これまでにも、住まいの強度について幾つかの記事を書いてきましたが、今回は、一戸建てとマンションの特徴を整理しながら、それぞれの強度について考えてみたいと思います。

 

木造建築で高い建物がないではないか!

木造の高い建物

木造と鉄筋の建物のどちらがいいか?という話はよく耳にしますが、

どちらにもメリットデメリットが存在します。

例えば、木造で超高層ビルの様な建造物は現存しません。

現在、住友林業が70階建ての木造ビルの建設を考えていますが、随所に鉄で補強がされる様ですから、純粋な木造建築とは言えないかもしれません。

現存する木造建築で日本でもっとも高い建造物は、都の東寺にある五重塔だと言われています。

となると、超高層ビルも作れてしまう鉄筋の方が優れている様に感じられるかもしれません。

 

ただ、鉄筋の建造物の問題点は、コンクリートの耐用年数です。

まだまだ、鉄筋コンクリート建造物の歴史は浅く、耐用年数についても人によって意見が大きく異なるのが現状です。

長く住まいと付き合いたいというのであれば、歴史的にも百年程度なら大丈夫と言われている木造の方が安心できるでしょう。

歴史的な視点で木造建築に触れたこの記事もご覧ください。

築100年以上!三重塔・五重塔が地震で倒壊していない理由!
築年数も古く、高さもそれなりにあるのに三重塔・五重塔が地震で倒壊したという話は耳にしたことがありません。なぜ、それらの建物は地震に強いのでしょうか?

 

 

世界一高いビルと世界一高い木を比べてみよう!

とは、いうものの木造はどうも弱い印象があるという声も耳にします。

そこで、世界一高い木やビルの様子を見て見ましょう。

 

世界一高いビルは、ドバイのブルジュ・ハリファ

高さは828mで 、ホテルやオフィスに使用されています。

もちろん、大量のコンクリートと鉄筋が用いられて建設されました。当然ながら土台を大きく作り、上部に行くほど、小さくなる三角形の様な形になっています。

世界一高いビル

世界一高い木は、アメリカのハイペリオン

高さは115m。ドバイのブルジュ・ハリファの比較にはなりませんが、ビルでいうならば、30階建てくらいの高さになります。

そして、注目したいのが形状です。

背が高い木も低い木も同じですが、上部の方がかさ高いのです。

要するに頭でっかちの状態をずっと維持しているのです。

世界で一番高い木

 

世界一高い木は人間の建築技術をはるかに超えている?

人工の建造物では、生えている木ほど頭でっかちなものはありません。

そして、それを一本の幹で支えているとという事は、私たちが想像もしない様な優れた技術が隠れているのではないだろうか…。

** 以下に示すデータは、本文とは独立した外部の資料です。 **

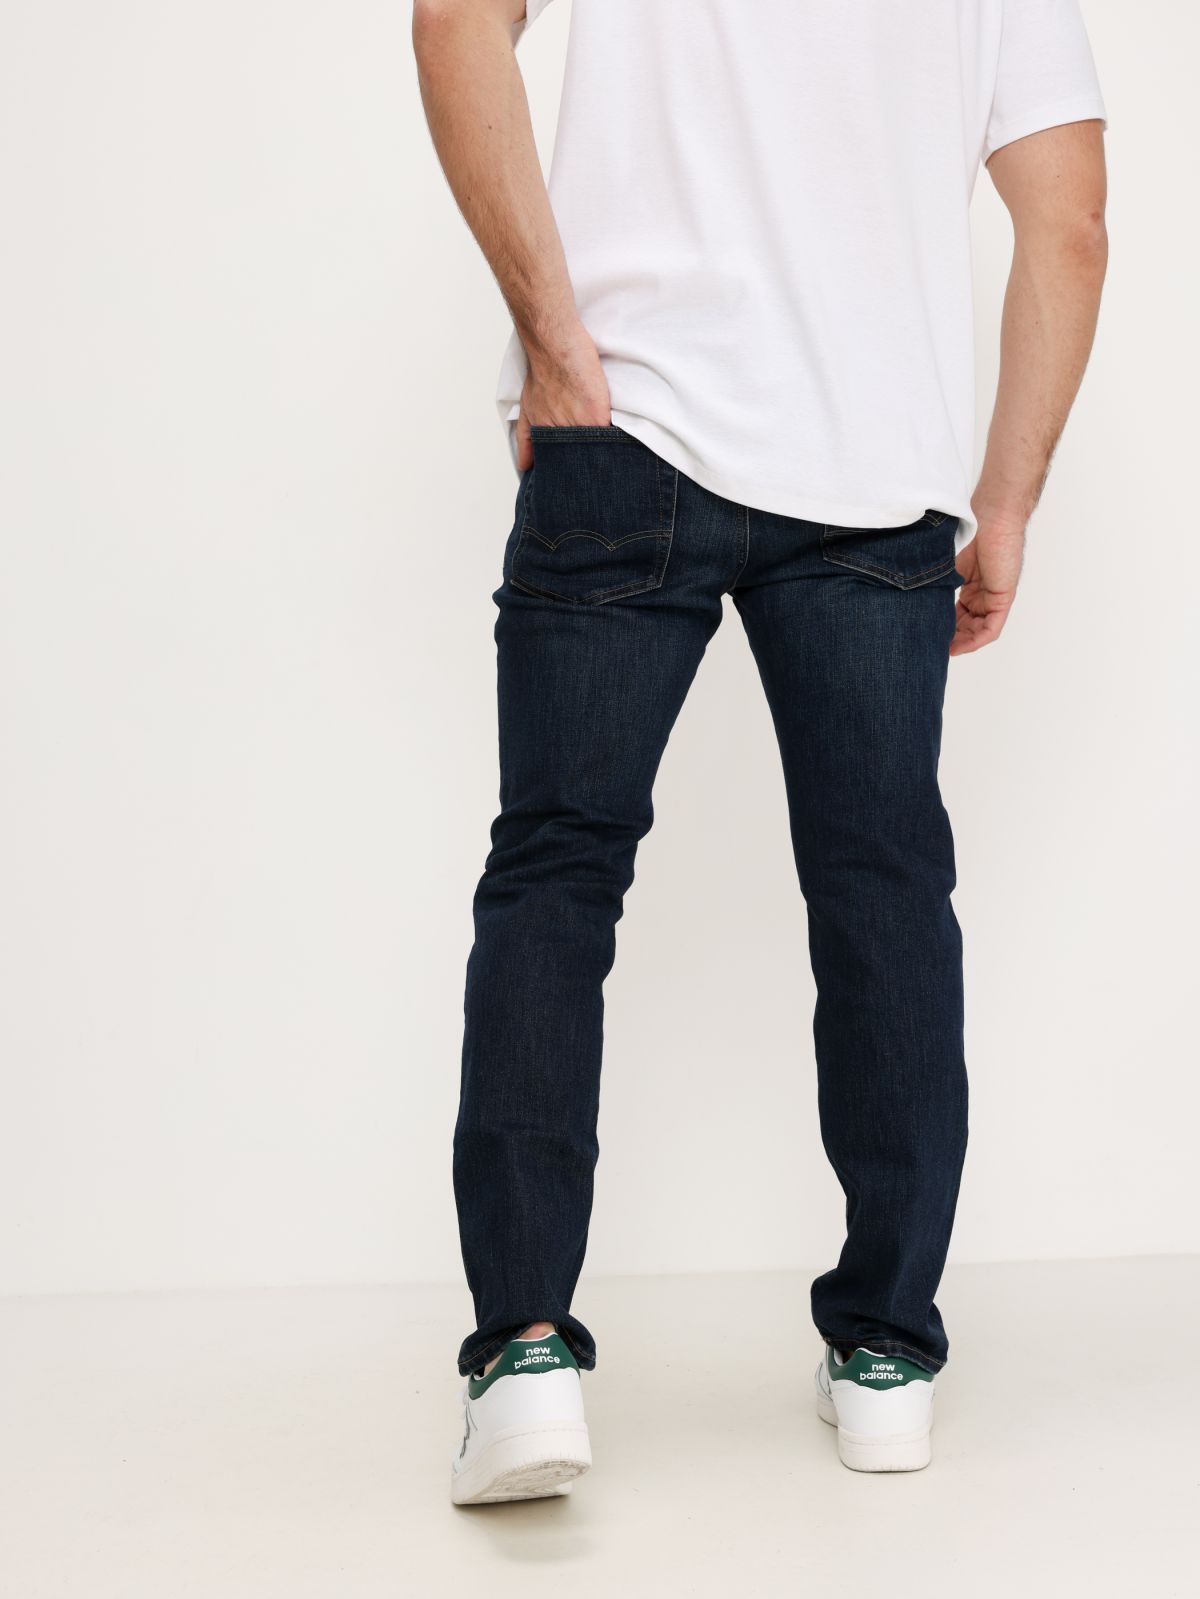  ג'ינס ארוך בשטיפה כהה של AMERICAN EAGLE

そんな視点で、京都大学でも、木がもつ繊維について研究をされています。

木がもつ強さの秘密が分かり、上手に生かす事ができると、様々な事が実現可能になるそうです。

近年(2019年5月現在)では、
木材から木がもつ繊維を抽出することができれば、軽くて丈夫で、色も自由に着色できる新素材ができるのではないか?と研究が進められています。
CNF(セルロースナノファイバー)と呼ばれるもので、強度は鉄の5倍とも言われています。さらに熱にも強いという特徴もあるために、自動車の部品などへの活用も期待されています。
アシックスはすでにCNFを利用した靴をすでに商品として発売しました。
https://corp.asics.com/jp/press/article/2018-06-01

 

こうして、木というものを見ると、木と正しく付き合う事で私たちはもっと安心して生活できる住まいを作る事ができるだろうと考えています。

ですから、私たちが施工するお客様には、木の基本的な性質や強さを知ってもらう様な機会を必ず設けているのです。